Research output: Contribution to journalArticle

Abstract

Nevus of Ota is cosmetically burdensome and often prompts patients to seek treatment. Lasers are commonly used in removing these lesions; however, no systemic analysis has been conducted to support a gold standard laser.
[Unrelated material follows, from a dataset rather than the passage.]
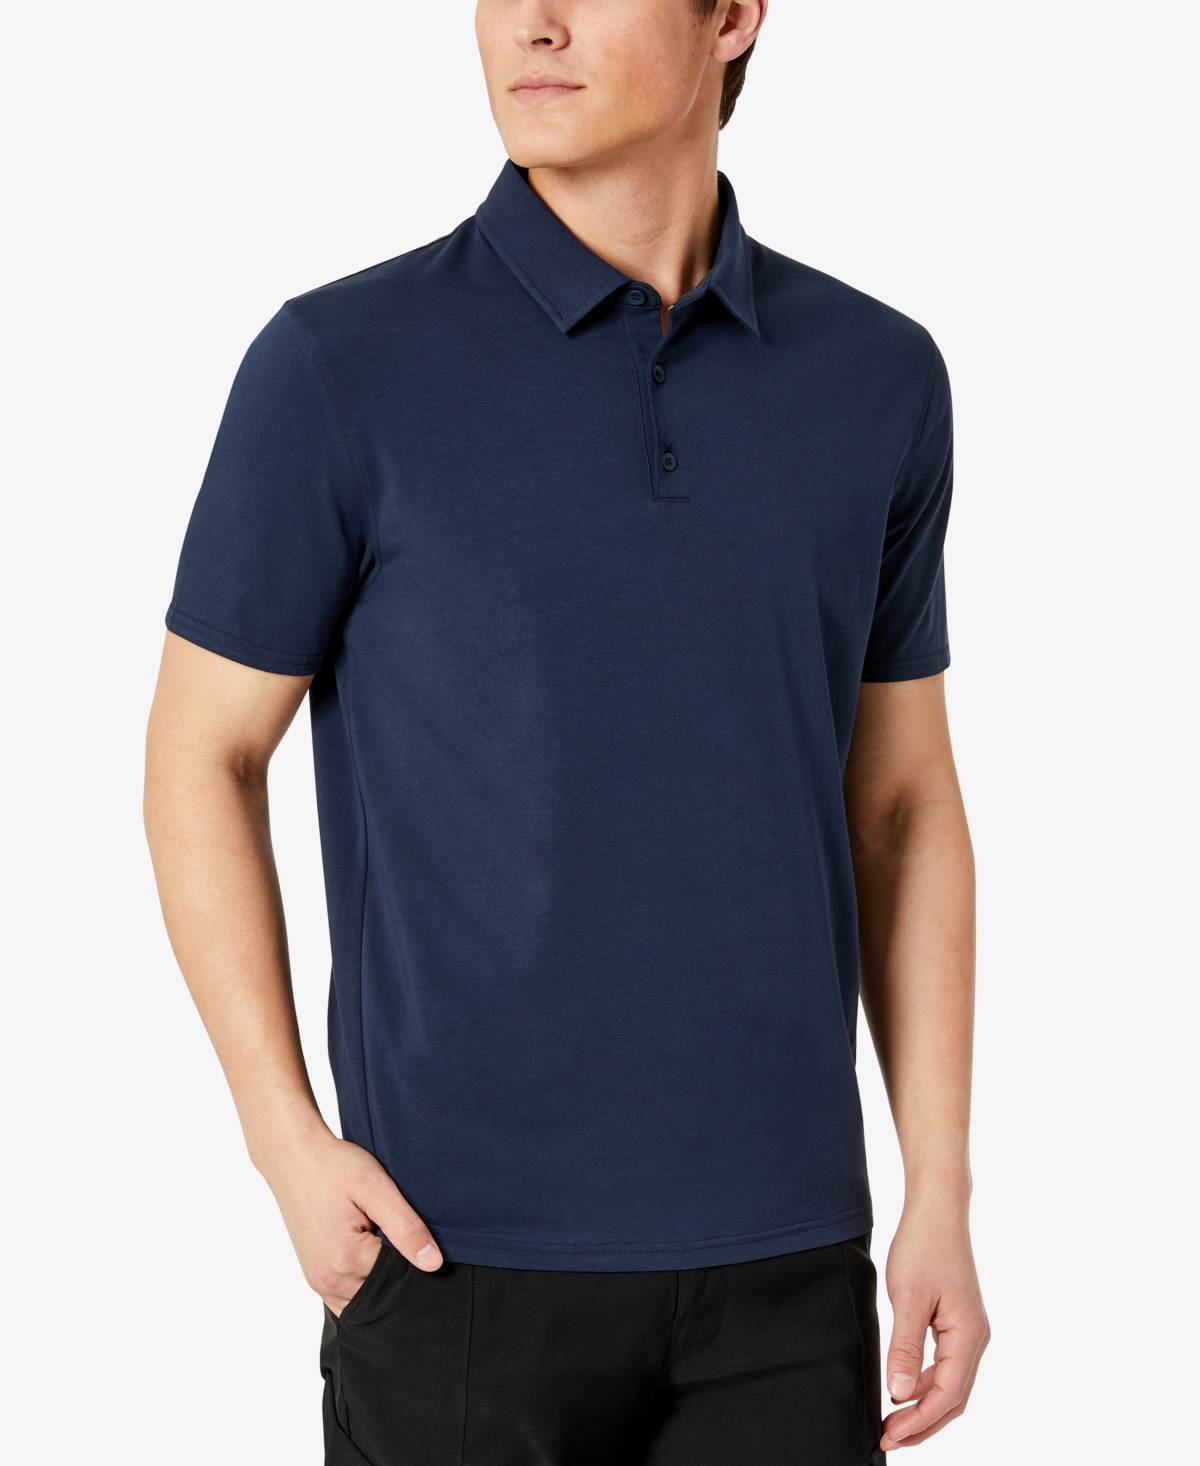 Kenneth Cole Men's Performance Button Polo

To conduct a meta-analysis of the efficacy and safety of Q-switched Nd:YAG lasers (QSNL), Q-switched ruby lasers (QSRL), Q-switched alexandrite lasers (QSAL), and picosecond alexandrite lasers (PSAL) in removing nevus of Ota. Inclusion criteria were nevus of Ota patients treated with QSNL, QSRL, QSAL, or PSAL and documentation of percent clearance and the rate of at least one adverse event. Articles in English, Chinese, or Japanese were included. The prespecified outcome measures were efficacy (percent clearance) and safety (rates of hyperpigmentation, hypopigmentation, scarring, and recurrence). The review included 57 studies and 13,417 patients. The pooled success rate was 64% for QSNL (95% CI 52–76%), 54% for QSRL (95% CI 39–69%), 58% for QSAL (95% CI 44–72%), and 100% for PSAL (95% CI 98–102%). The pooled adverse event rate was 5% for QSNL (95% CI 4–6%), 14% for QSRL (95% CI 9–19%), 9% for QSAL (95% CI 6–12%), and 44% (95% CI 31–57%) for PSAL. QSNL has the most evidence for effectively and safely treating nevus of Ota. PSAL potentially has a superior efficacy; however, further studies are needed to elucidate its side effect profile when treating nevus of Ota.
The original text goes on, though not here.